= WORK INSTRUCTIONS =
Copy all the lines of the listing below exactly. Skip the images.

= MATERIAL PROVIDED =
::::

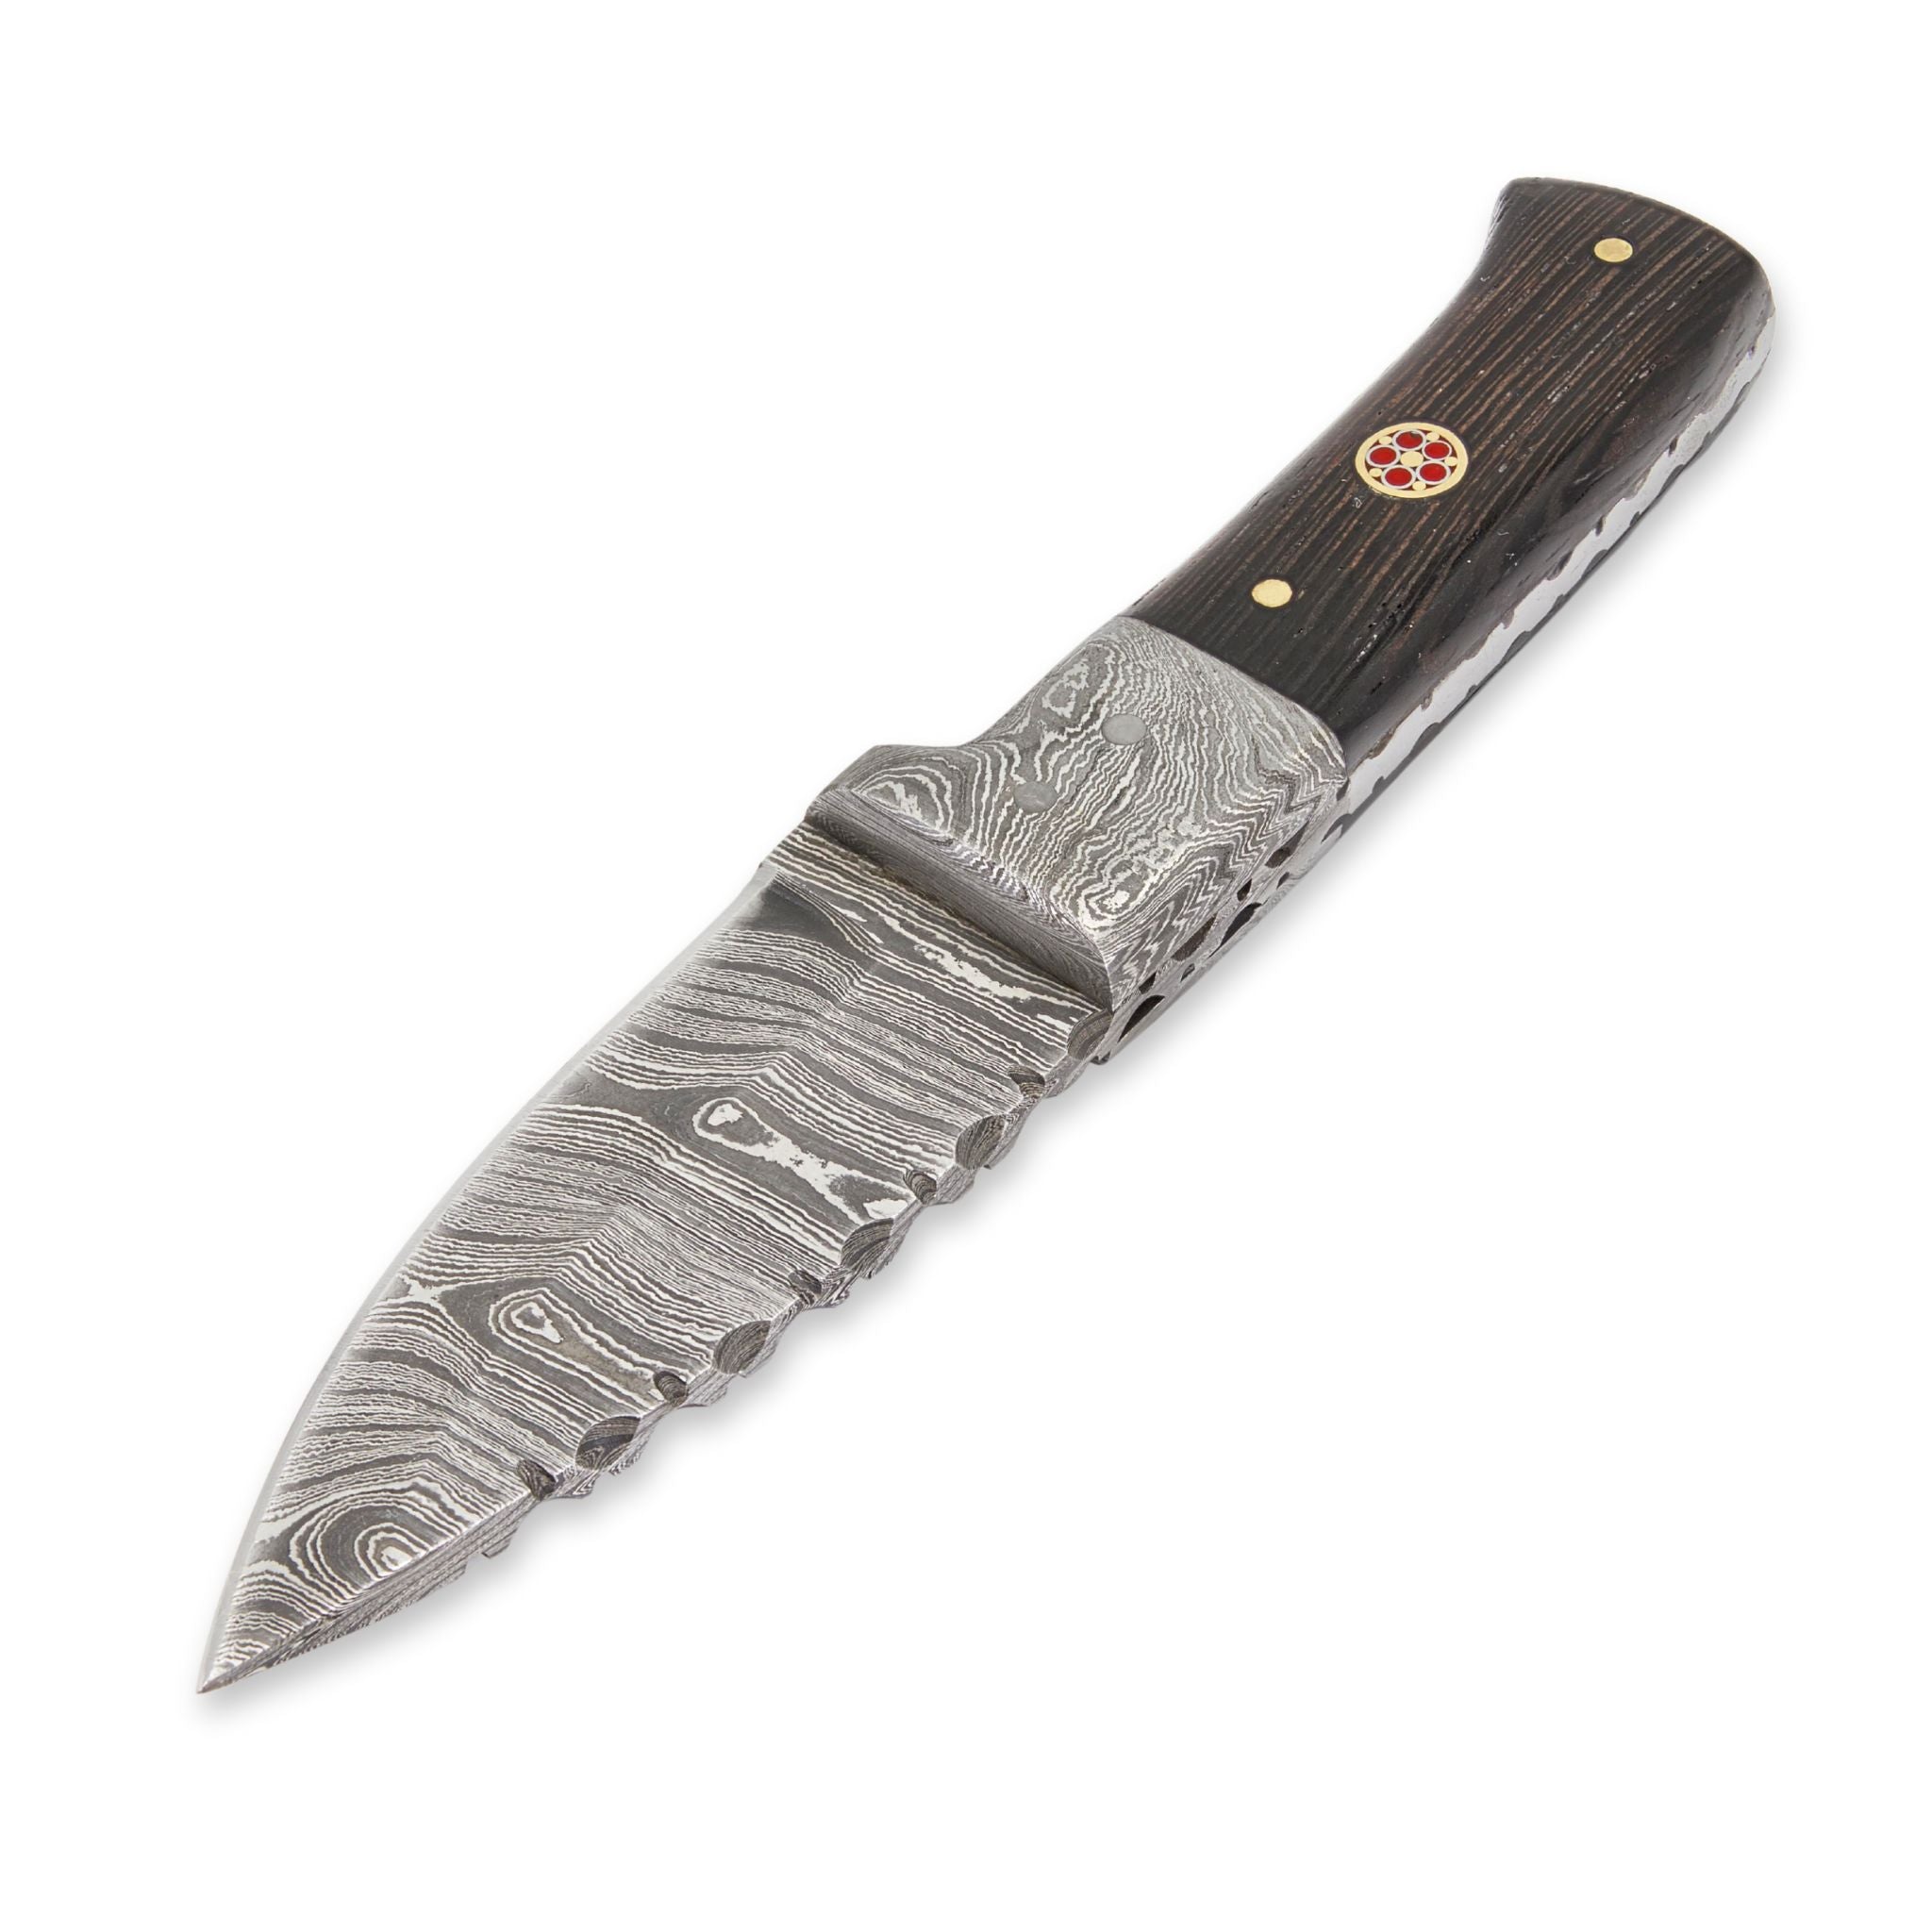 http://pepnimble.com/cdn/shop/files/bush-perk-i-handmade-skinner-knife-damascus-steel-blade-wenge-wood-handle-image-09.jpg?v=1700646732
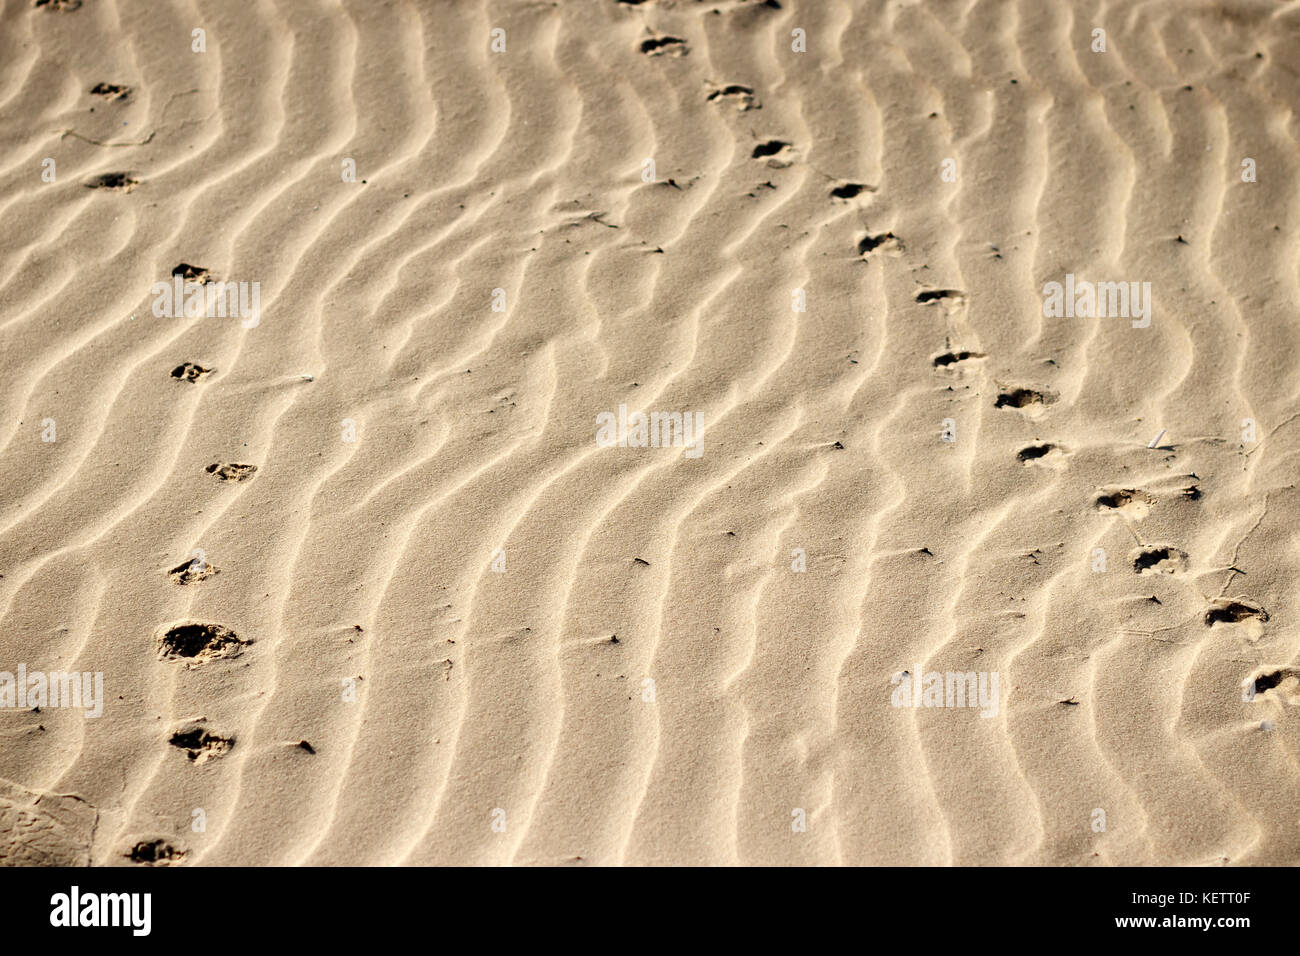 Dunes de sable avec des traces d'animaux Banque D'Images
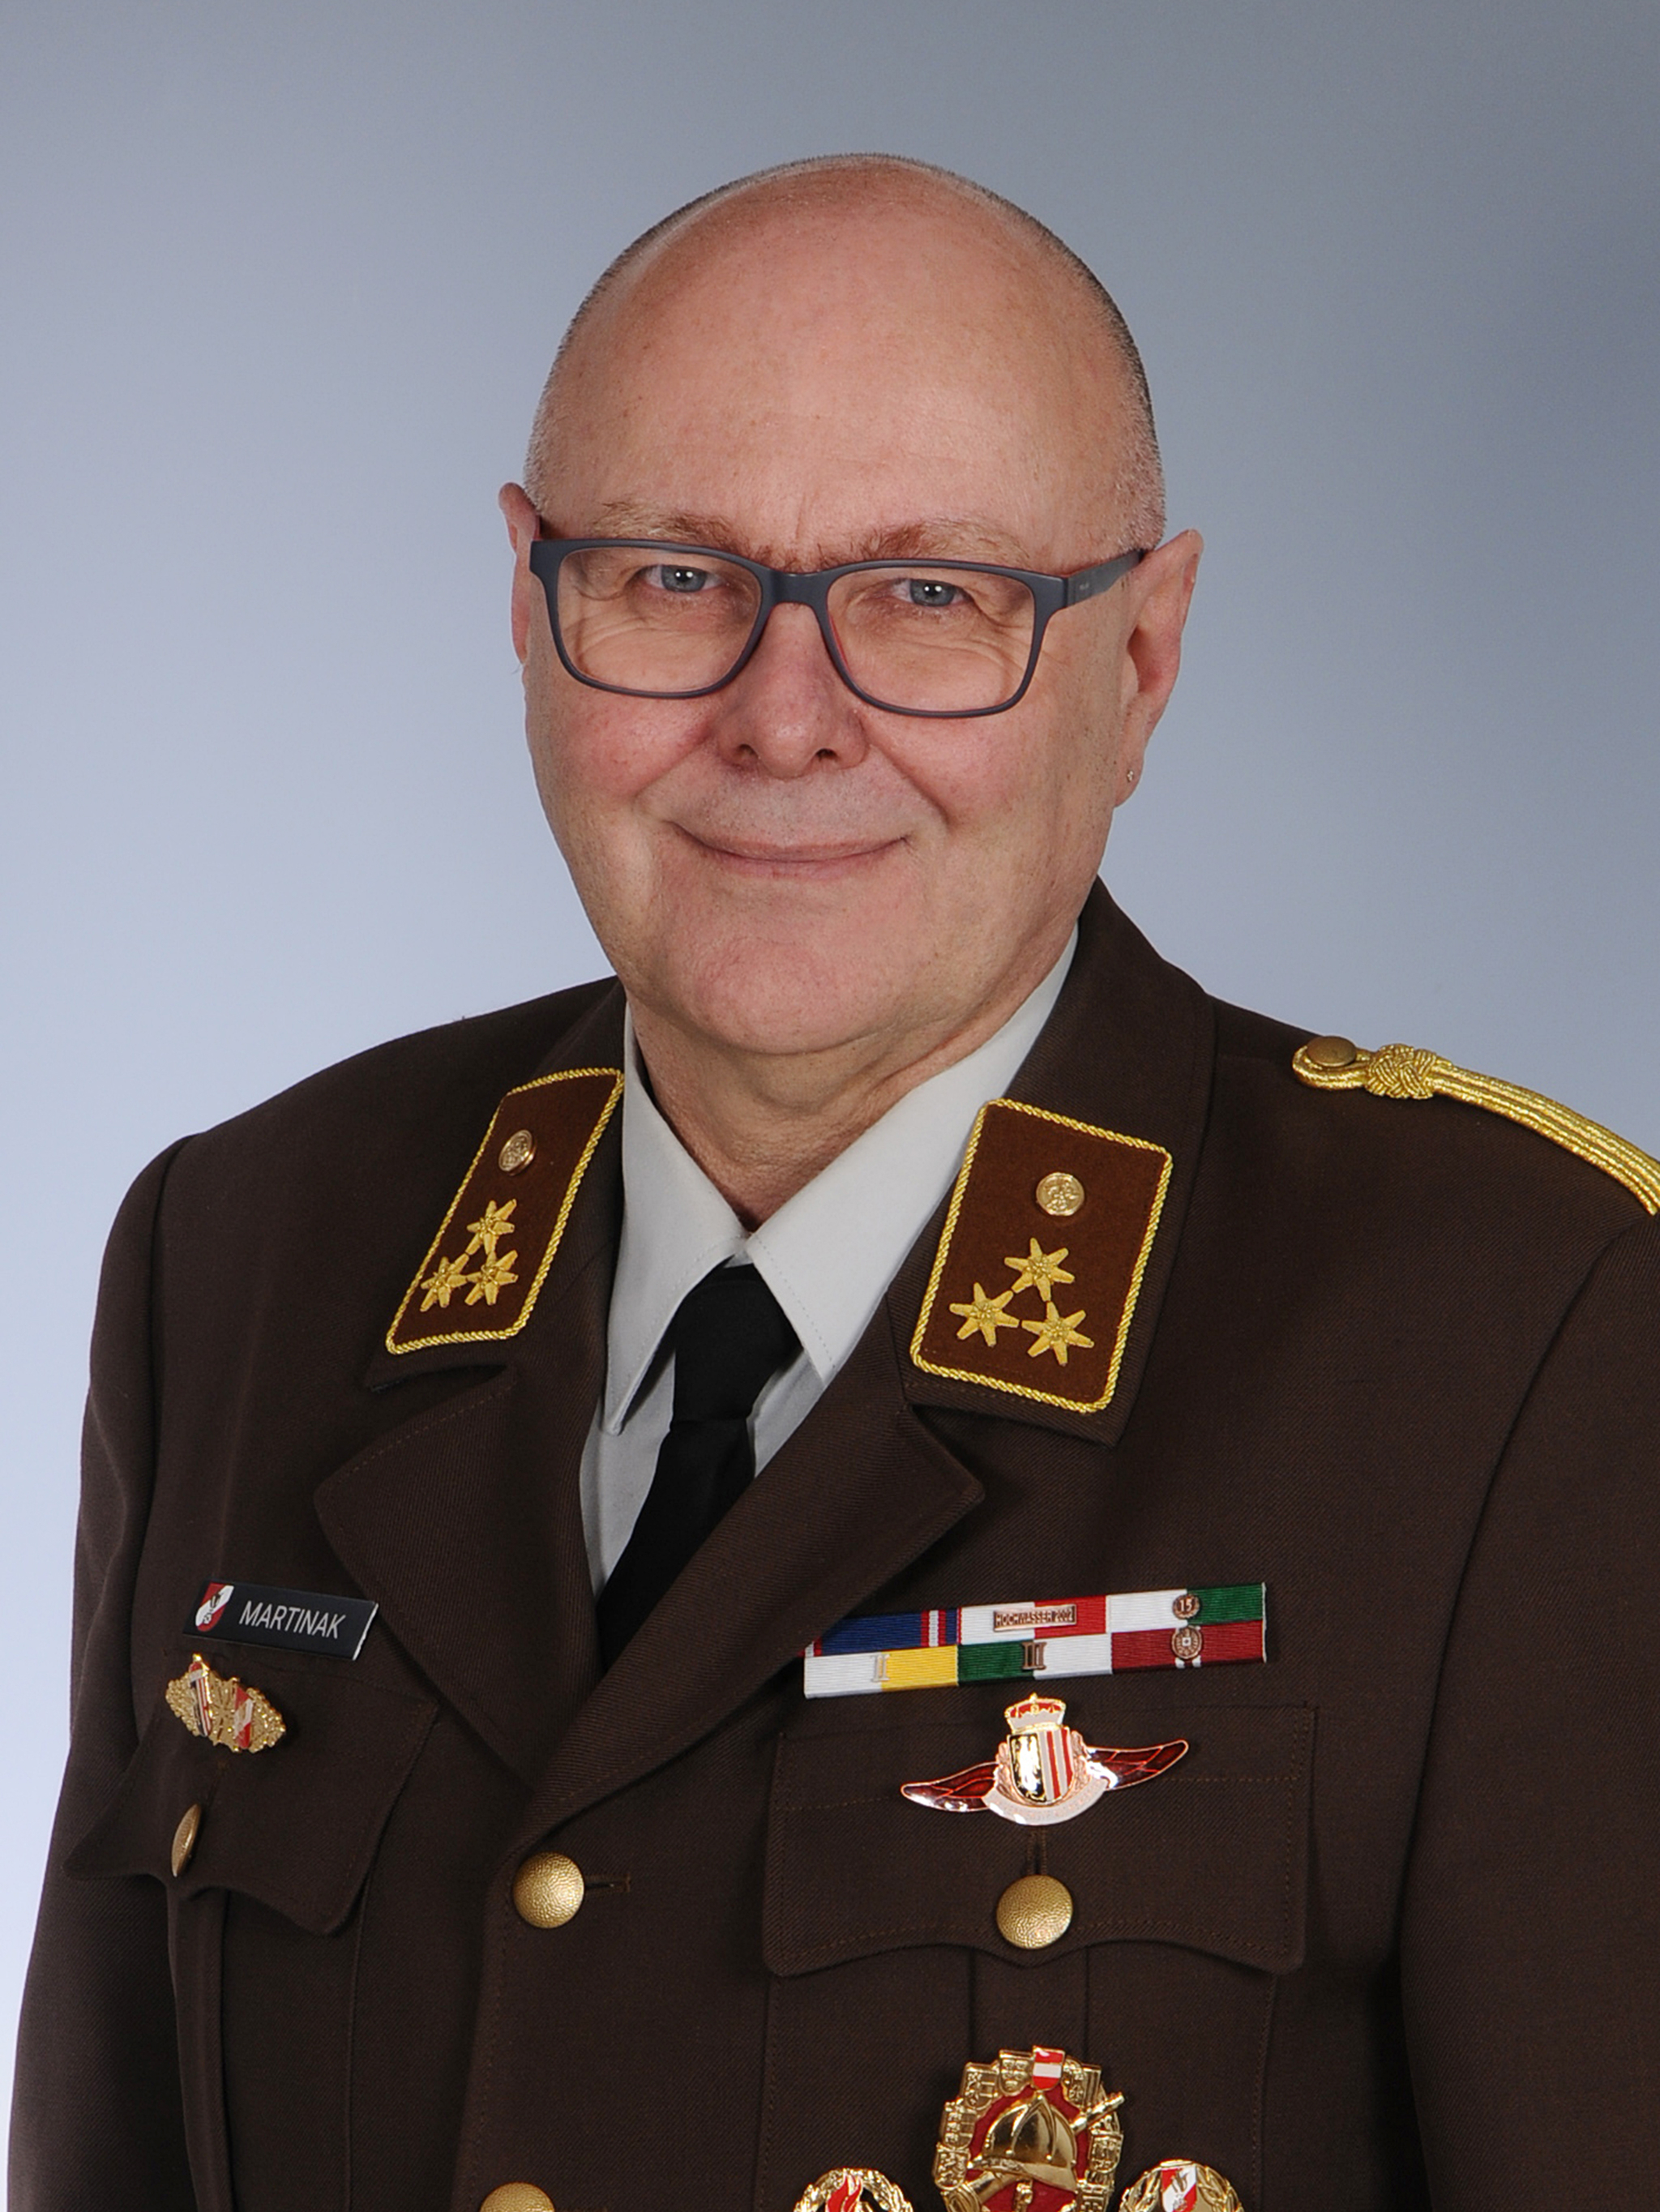 Wolfgang Martinak

::::

= ANSWER TO THE EXERCISE =
 http://pepnimble.com/cdn/shop/files/bush-perk-i-handmade-skinner-knife-damascus-steel-blade-wenge-wood-handle-image-09.jpg?v=1700646732
 Dunes de sable avec des traces d'animaux Banque D'Images
 Wolfgang Martinak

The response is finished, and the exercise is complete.